L’heure de la maturité a sonné.
Oubliés la turbulente adolescence, les cheveux et riffs gras, le blues sale et les futals troués, la bière à deux sous et les harmonies naissantes.
Le blues délaisse le rock, se teinte d’une pop cristalline, éthérée, quasi-miraculeuse en ces temps austères.
Adieu les deux copains solitaires, la famille s’agrandit, Danger Mouse pose sa petite patte partout, influence sans s’imposer, harmonise sans dénaturer. Tous en chœur, Dan Auerbach mène la danse mais rassemble, s’entoure, assouplit son phrasé et s’adjoint d’aguicheuses présences féminines.
Un regard, nostalgique et assumé, sur le glorieux passé d’une musique aux multiples ramifications. Psychédélisme et hyppisme seventies sont partout, cohabitant avec d’improbables beats discos. Choquant mais enivrant.
Vendus ?
Esclaves des majors ?
Non. Gardez votre fiel, serpents. La démarche est d’une sincérité à toute épreuve. La passion suinte par tous les pores de cet album. Sous les chœurs aguicheurs et les synthés concupiscents, une vraie démarche artistique est à l’œuvre.
C’est grand (Weight of love, In time), c’est beau (Turn blue, 10 lovers) mais hélas parfois anecdotique (It’s up to you now, Gotta get away).
Preuve que le changement était vital, Gotta get away, blues fondateur aux relents de Thickfreakness, est d’une pale fadeur et n’apporte que désappointement et dégoût, triste conclusion en demi-teinte d’une galette qui méritait une meilleure sortie.

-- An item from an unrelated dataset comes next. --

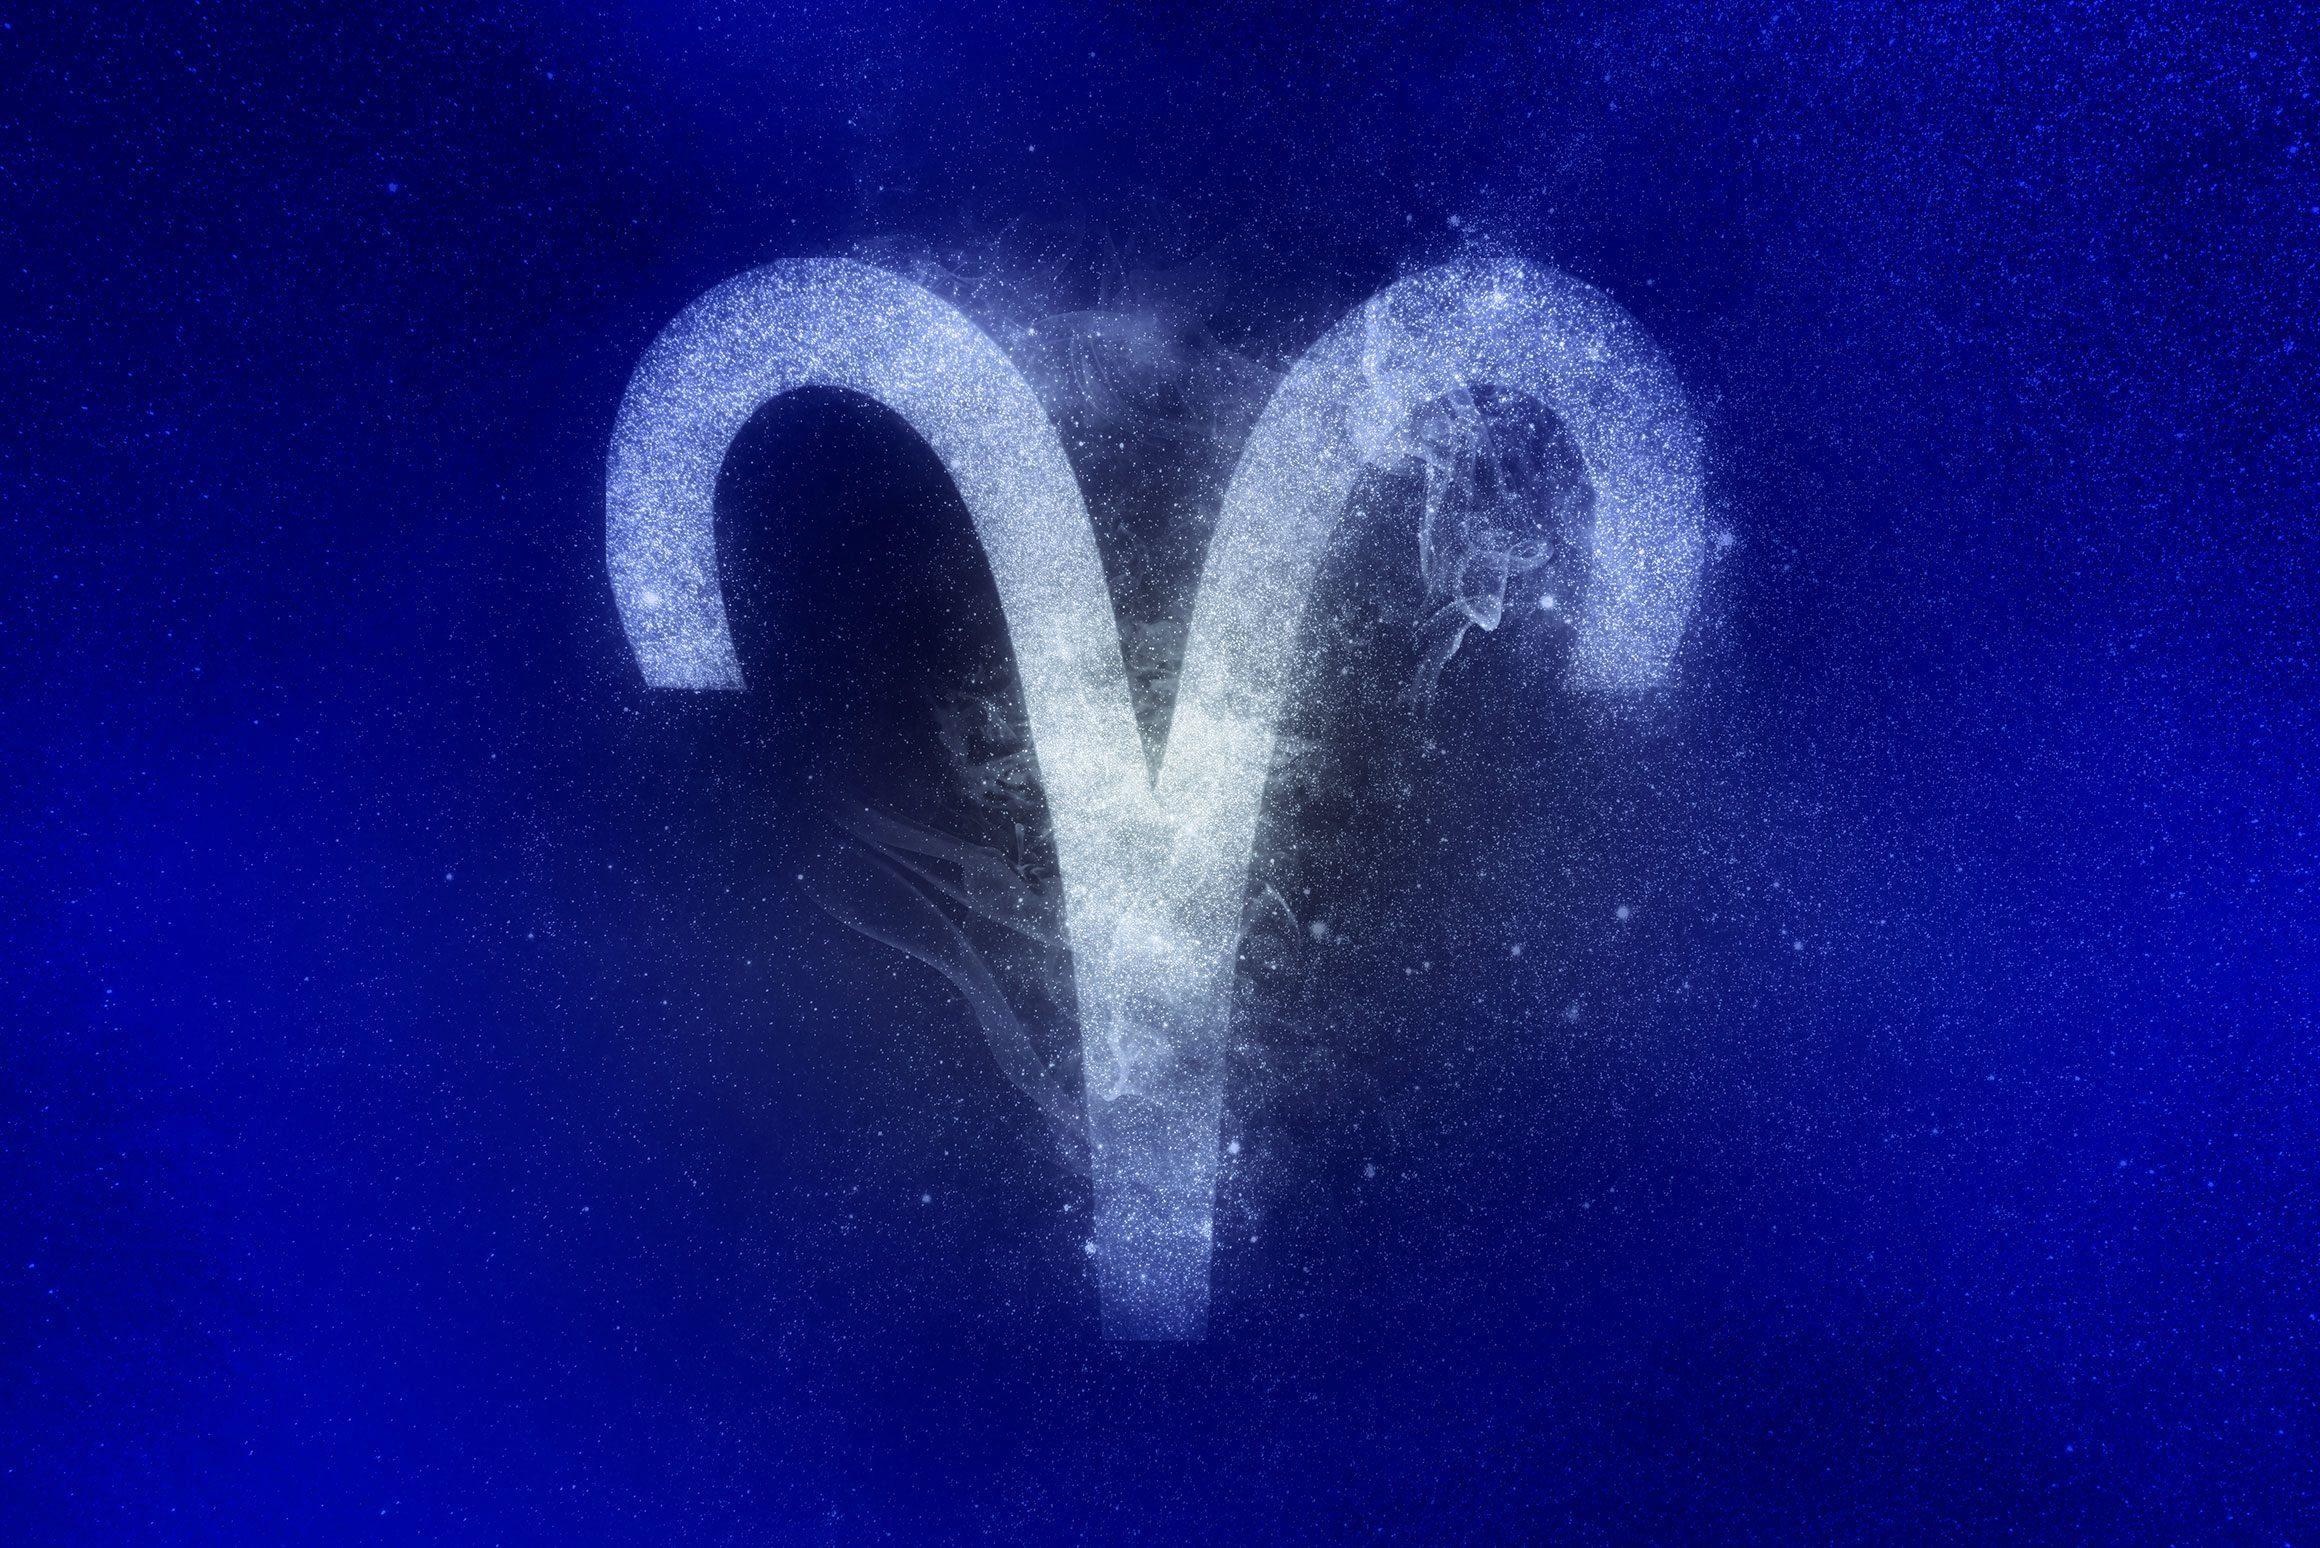 aries zodiac symbol in winter colors

Décollage sur les chapeaux de roues d’une nouvelle ère aux horizons infinis, le bien nommé Turn Blue abandonnera une vaste frange de son public au bord de l’autoroute, laissés pour compte et trahis.
Tout est possible à présent, le pire comme le meilleur, à l’image de cet album inégal mais profondément sincère et courageux.
Nul ne sait de quoi sera fait l’avenir des Black Keys et c’est finalement leur plus grand talent.